>>36376
>I implied you might be trying to seem futuristic in comparison by calling me a hippie.
Not really. Much like your point about organics not going away, there'll always be people who fit the description of a hippie, even if the term falls into disuse. What I'm trying to do is mock your beliefs as based on 'feel-good' concepts instead of evidence.
>don't see the value in it.
That is basically my position, although obviously phrased in a way that disapproves. How about you don't see the value in growing more food on less land, feeding an expanding population and reducing food waste? Organic food discards safe and effective methods of making mother nature our bitch and getting more food, in favour of fear and paranoia about harmless concentrations of benign contaminants.
>never said that non-organic food is immediately harmful
I never said you did and that's quite distinct from my argument.
>evidence forming your conclusions is a small piece of a whole
Of course; it's pretty much impossible to review all evidence even in one narrow sub-field in a human lifetime. But that's why meta-analysis studies exist, to review the many studies and reams of data and come to a conclusion summing up the state of the field. These meta-analyses (apart from the one funded by the organic food industry) conclude that there is no nutritional benefit from switching to organic food.
>antithetical to skepticism
Skepticism is based in demanding evidence for claims. It's unwise to make your mind up before reviewing the evidence, but once you have, it's a mug's game to hold off on conclusions because "what if I just haven't found something yet?"
>not be a guinea pig
No, the guinea pigs are what new pesticides are tested on before they're used on crops. You're a consumer, who benefits from cheap and plentiful food.
>[Unhealthy is fine, but don't feed the corporations]
And that's a fine thing to advocate for, but in a /cyber/ setting, it's unlikely to be an easy or cheap option. My point was that to choose a more expensive but supposedly healthier food source is not very /cyber/, more like hippie.

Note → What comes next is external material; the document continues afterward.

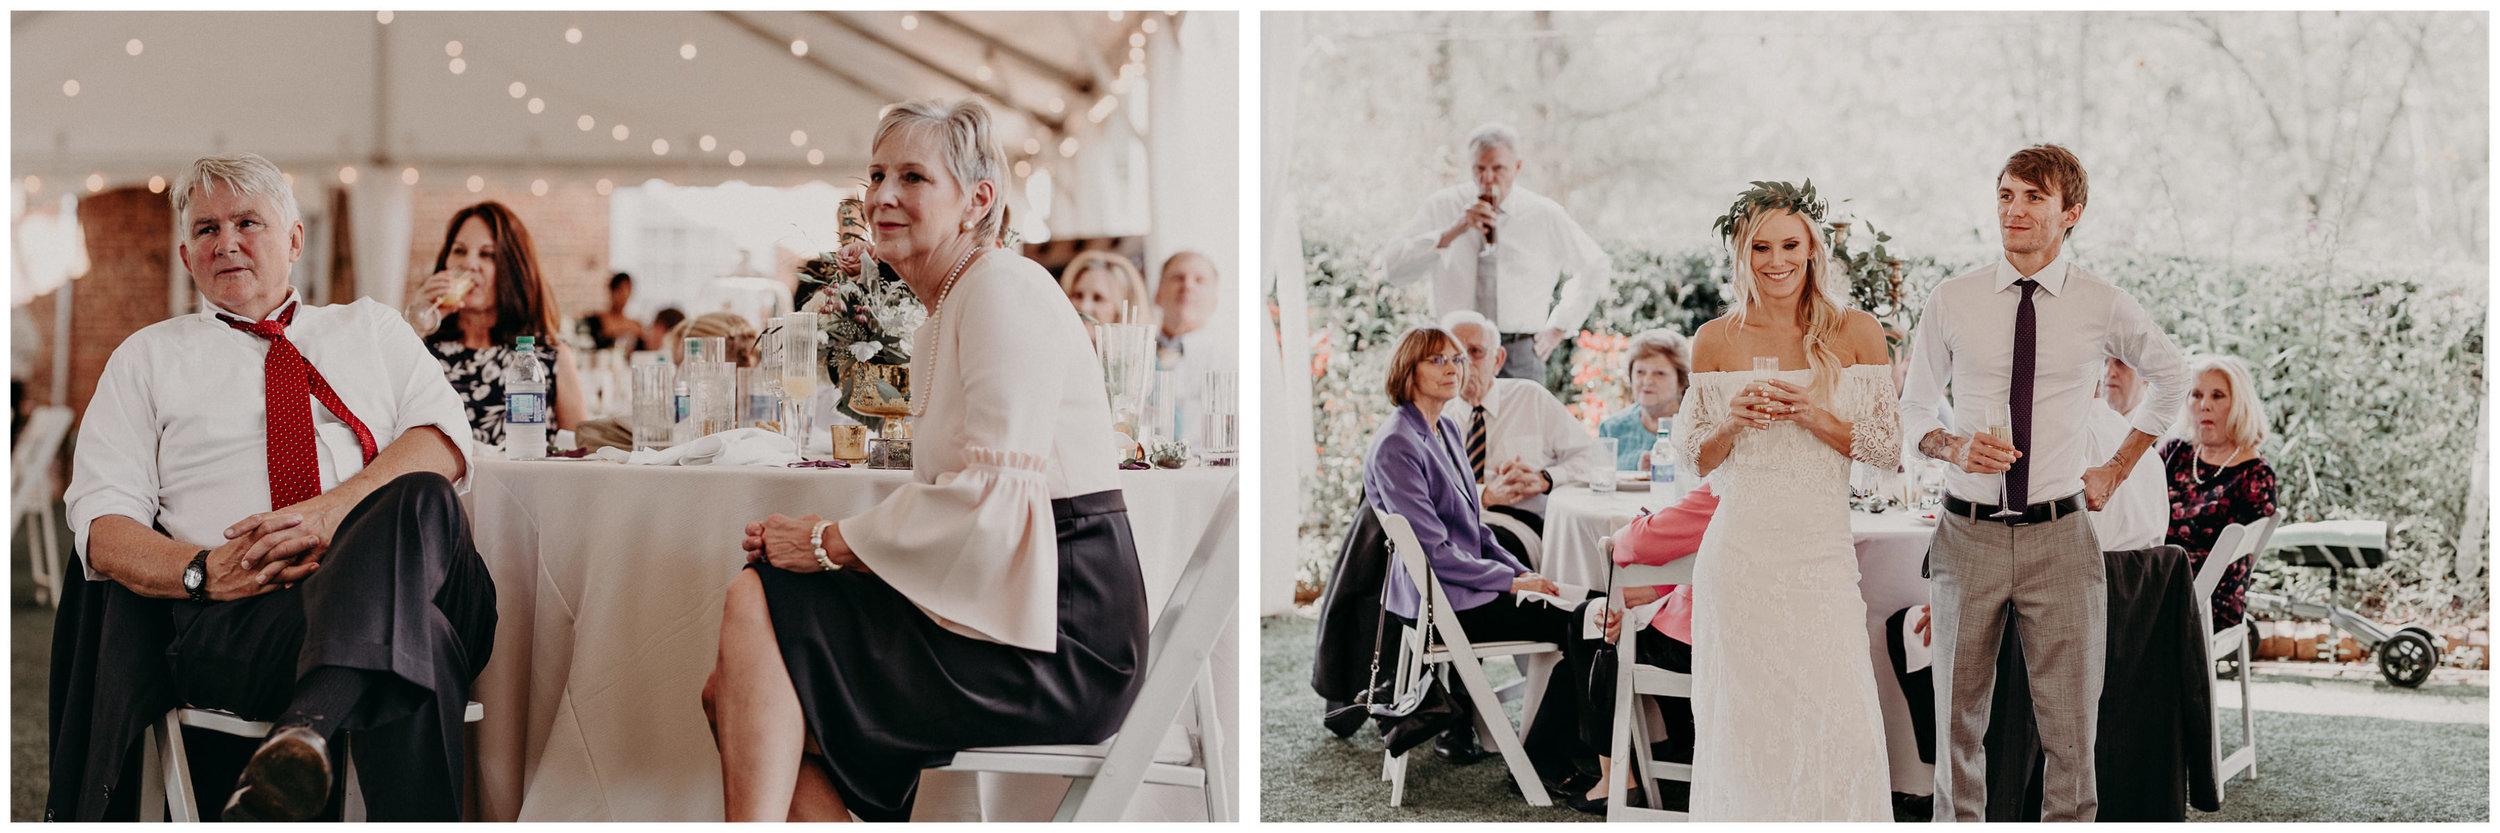 119 - Barnsley Gardens Wedding -Bride and groom portraits - Atlanta wedding photographer .jpg

>There are health benefits in whole foods vs. only ingesting isolated vitamins and minerals. I'll move on. That's how this argument got started.
Yes it is, and despite all the discussion, you've shown nothing convincing to support this. I'll move on too, unless you want to back it up.
The way I see it, you see eating food produced by a corporation as not /cyber/ because of it's origin, buy cyberpunk was always more of a world and a theme than a set of prescribed behaviours. Yes eating corpfood puts you into closer contact with corporations, but corporations are an integral part of the cyberpunk worldfabric. To reject megacorps and do everything yourself on a farm in the woods is hippie; to fight them and use them while living in a world with a corporate backdrop to every scene, that marches to the rhythm of corporate leviathans, that is cyberpunk.
Note that that doesn't mean one is better than the other. A cyberpunk world is a dystopia, not something to aim for. But that's what the thread asked for, /cyber/ food. Soylent fits the bill, organic veg doesn't. Hydroponics are too, they're pretty neat.